2 minute read

Type Ahead system can also be called “auto-complete” or “incremental search”system etc.

Step1: Scope the problem

Let’s assume our system will have

  • return 5 results as system type each character.
  • we assume all search queries have lowercase characters

And what we values most:

  • fast response time
  • relevant sorted
  • scalable

Step2: High Level Design

At the most high level, the system should be broken into two parts:

  • Data Gathering: aggregate user’s input in real time
    • The basic idea behind Data Gathering is we maintain a frequency table for each input.
  • Query Service: respond 5 results based on user’s input
    • Basic idea is based on the input, we find the most 5 frequent records from above table and return to user

Step3: Design Deep Dive

High level design give us the basic idea how’s the system looks like.

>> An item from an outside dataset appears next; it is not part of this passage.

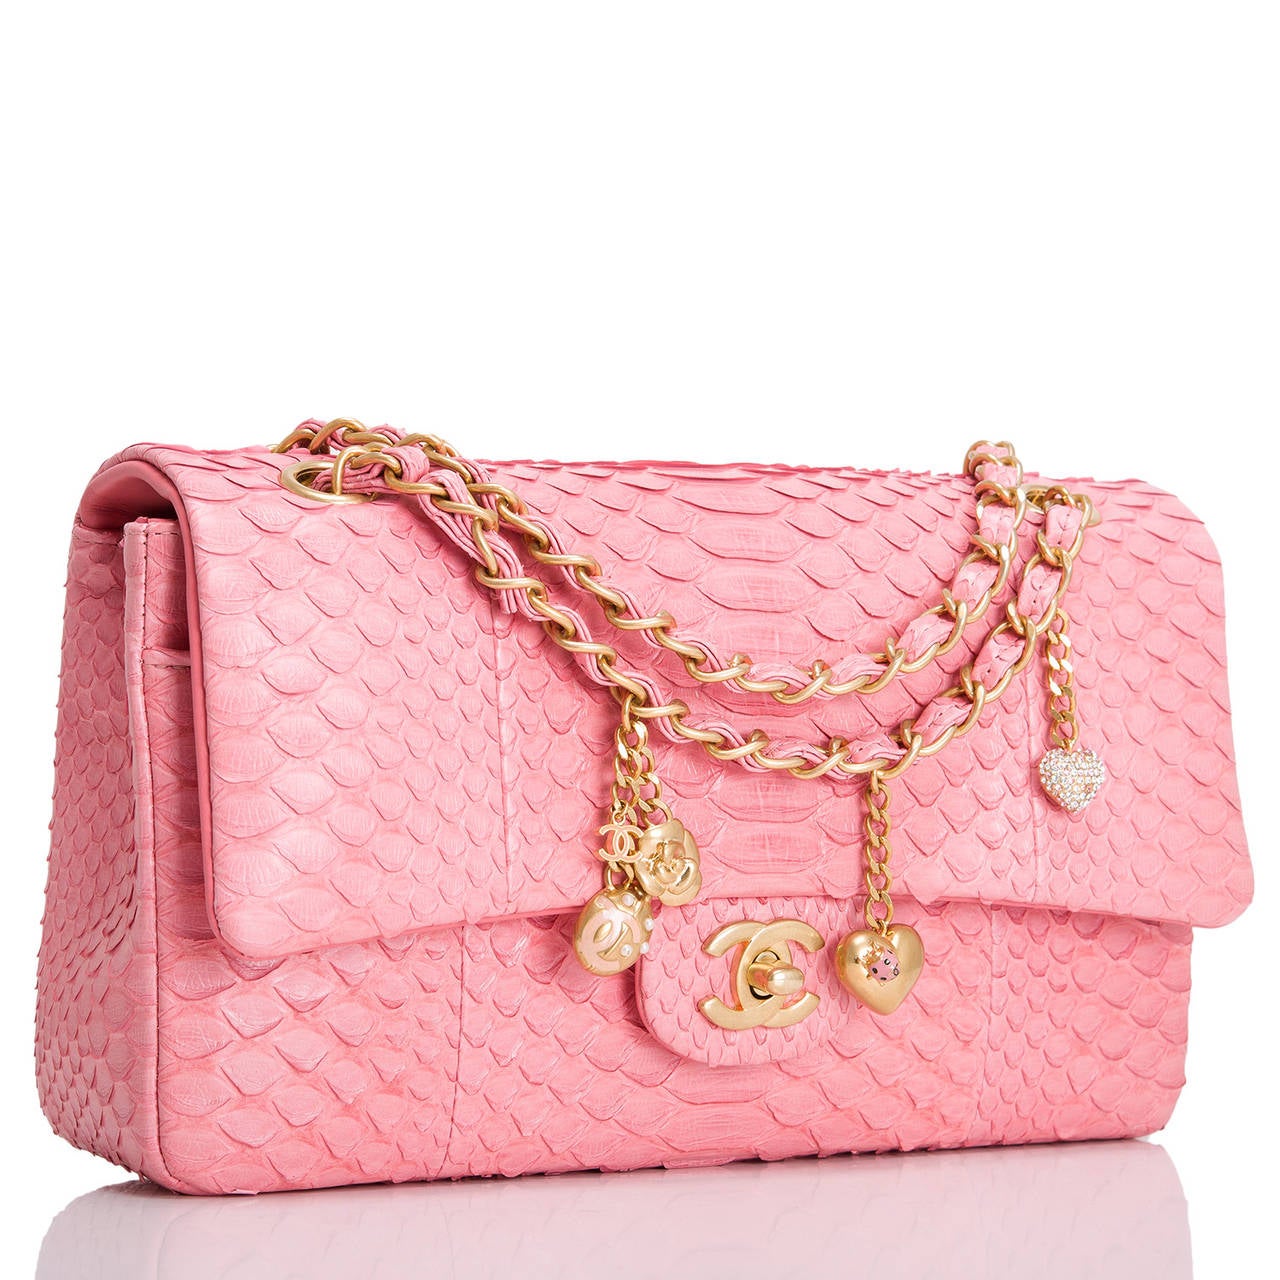 This pink python Chanel Large Charm Classic Flap features a front flap with signature CC turnlock closure, half moon back pocket and an adjustable interwoven aged gold tone chain link and pink python leather shoulder strap.

The interior is lined

Now let deep dive into each flow.

Trie

Trie Tree is also called prefix tree etc. here is the wiki page

To be short, it’s a tree-like data stucture which can compactly store strings.

Here are some key features:

  • root note represent empty string
  • each node stores a character and has 26 children
  • each tree node represent a single word

The left part is more like algorithm instead of system design, so I will ignore the left part.

Attention, the optimization part of Trie tree is, on each node ,we maintain one more field storing the most frequent result of that nodes, i.e. top 5 records starting with the nodes.

Data Gathering Service

In high level design part, we mentioned we will maintain a frequency table for user’s input.

It’s common sense that we cannot update this frequency table in real time cause it’s a resource consuming operation.

Instead, we can make it as offline operation which can be performed when server is not busy.

  • input records: Store the original input from users
  • aggregator: we can do some pre-compute on raw input, then aggregate their frequency based on time period etc.
  • workers: set of servers that build the trie data structure and store it in DB
  • trie db: since we will periodically build trie tree, we can take a snapshot of it, searilize it and store the serialized data in database. Document DB like MongoDB are good fits for it.

Query Service

From Above chart we can say we store the Trie data in Trie cache.

Then we can get the result from Trie Cache

  • input will first hit load balancer
  • load balancer will direct to web server with light load
  • web server first fetch the result from Trie Cache
  • if cache don’t have data, then we go to DB to search the result

Scalability

As you can imagine, our app is a storage sensitive app because we need to store a big volume of data.

The easiest sharing way is based on prefix, say the inputs starting with a-h go to server A, the inputs starting with j - q to server b etc.

This sharding need to be done very carefully since some prefix has more results than other prefix.

Step4: Wrap Up

Finally we can discuss the trade-off of design, say

  • this design cannot reflect breaking news. since we only periodically update the trie cache
    • solution is we can adopt some stream processing like Spark.